Avant même la jurisprudence du Conseil constitutionnel, plusieurs juristes s’inquiétaient de cette mesure préventive, de police administrative, pour répondre à une menace « d’une particulière gravité pour l’ordre public ». Dans une tribune publiée dans Le Monde, l’avocat en droit public Pierre Barthélémy estimait que cette interdiction administrative de manifester était « attentatoire aux libertés ».

Il existe une peine complémentaire d’interdiction de participer à des manifestations

Lors du débat parlementaire, les députés de la majorité présidentielle ont par ailleurs supprimé une obligation de pointage pour les personnes frappées d’interdiction de manifestation. Selon la commission des lois de l’Assemblée nationale, cette disposition était « trop complexe à mettre en œuvre et inutile compte tenu des peines encourues en cas de non-respect de cette peine ».

Après la censure de l’article 3, Bruno Retailleau avait annoncé son intention de redéposer un nouveau texte « anticasseurs ». Ce 2 mai, le président du groupe LR a confirmé sur LCI sa volonté de continuer à agir sur ce sujet. « On peut parfaitement avoir des dispositifs justes d’encadrement avec une règle de proportionnalité », a-t-il répondu. En 2019, il estimait que le Conseil constitutionnel n’avait « pas empêché le Parlement de légiférer sur la possibilité d’une interdiction préfectorale ».

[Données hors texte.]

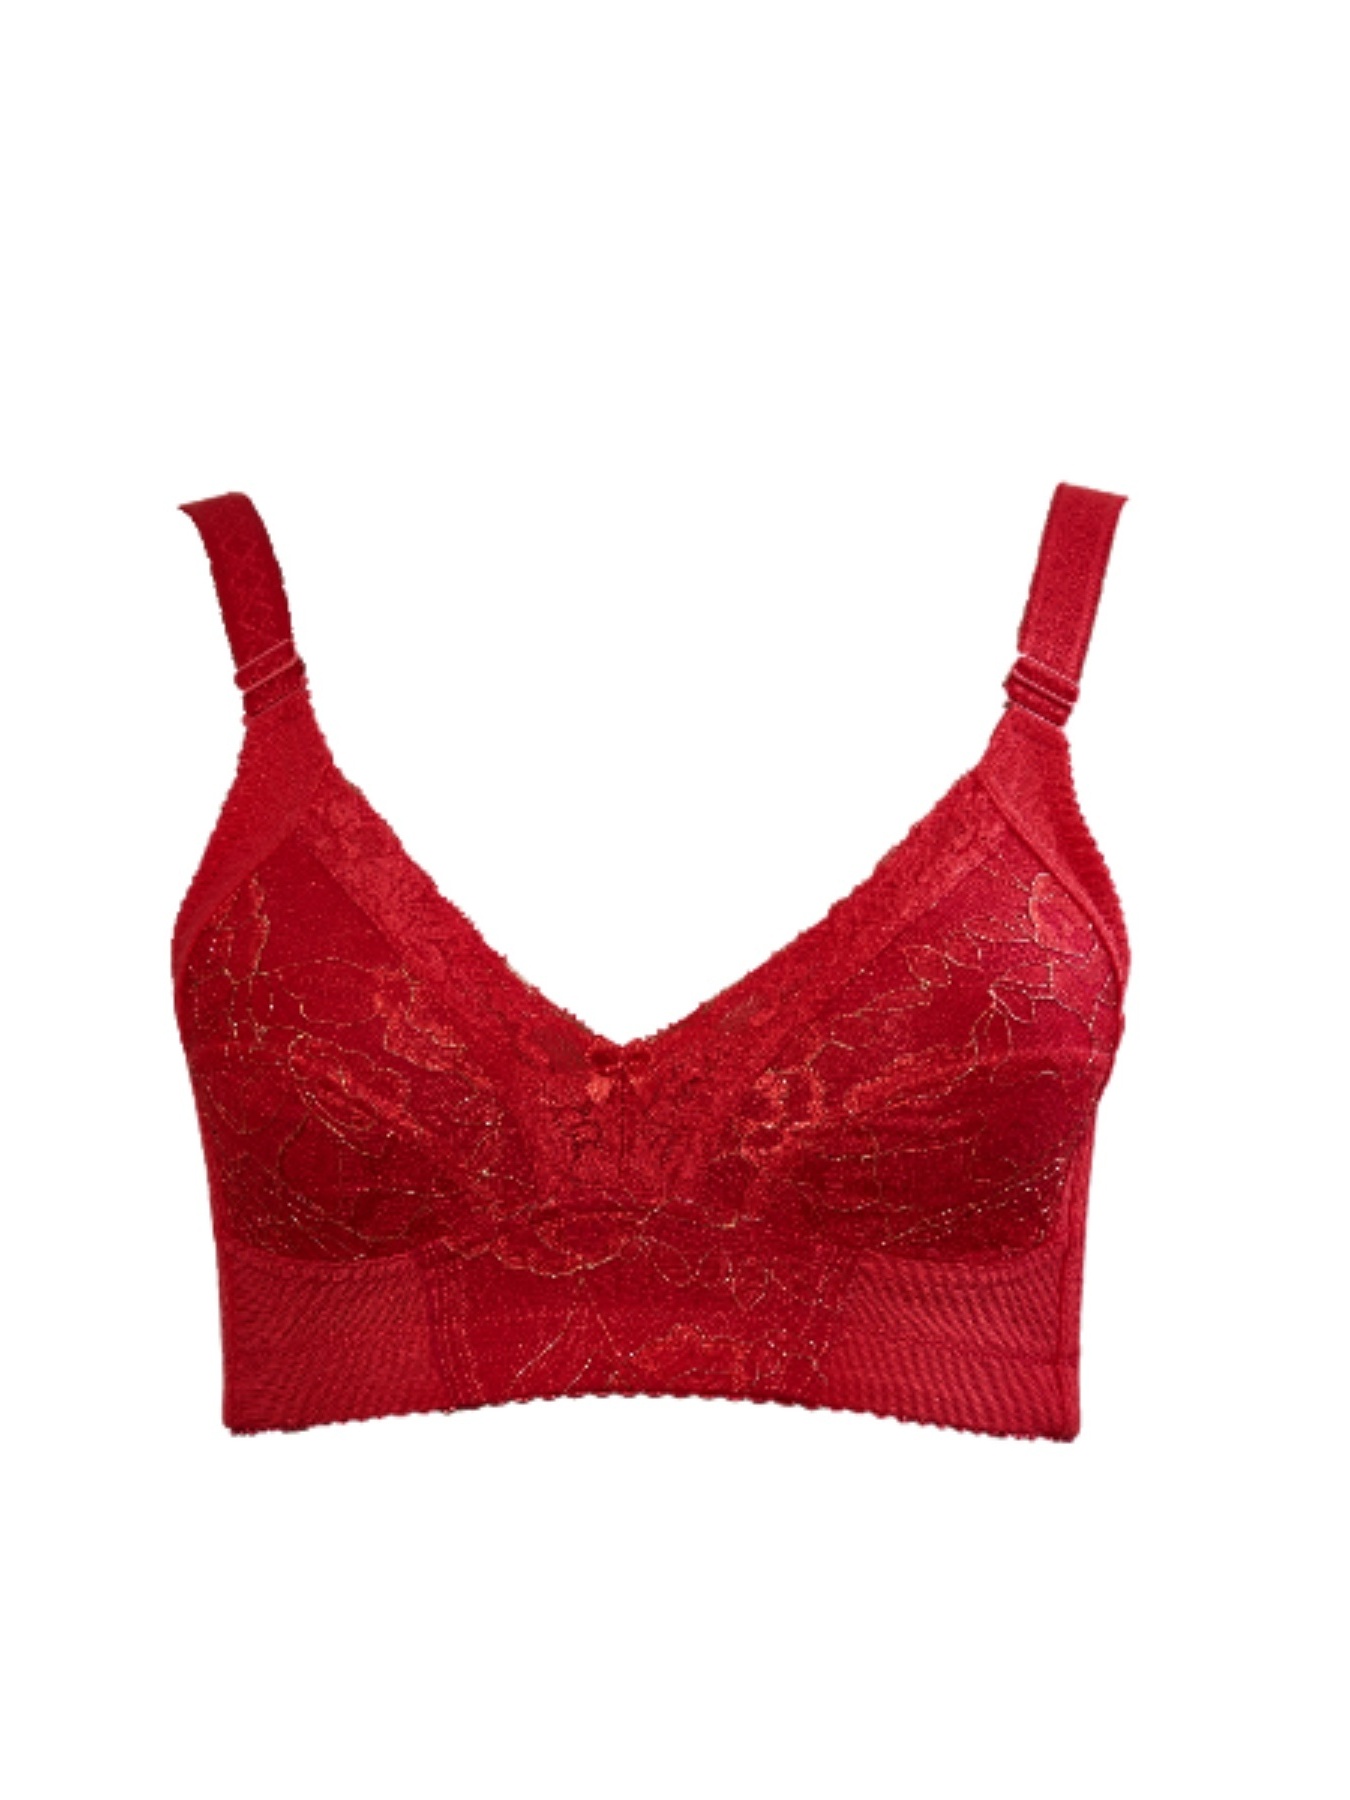 Sports Bras for Women Underwire Push Up Bralettes Solid Red 42D

Si cette sanction administrative préventive n’a pas prospéré, le droit actuel prévoit toutefois une sanction pénale, prise par un juge donc. Cette peine complémentaire d’interdiction de manifester ne peut excéder trois ans. Elle peut être prononcée quand la personne poursuivie a été reconnue coupable de certaines infractions pendant des manifestations, qu’il s’agisse de violences sur les personnes ou de dégradations de biens.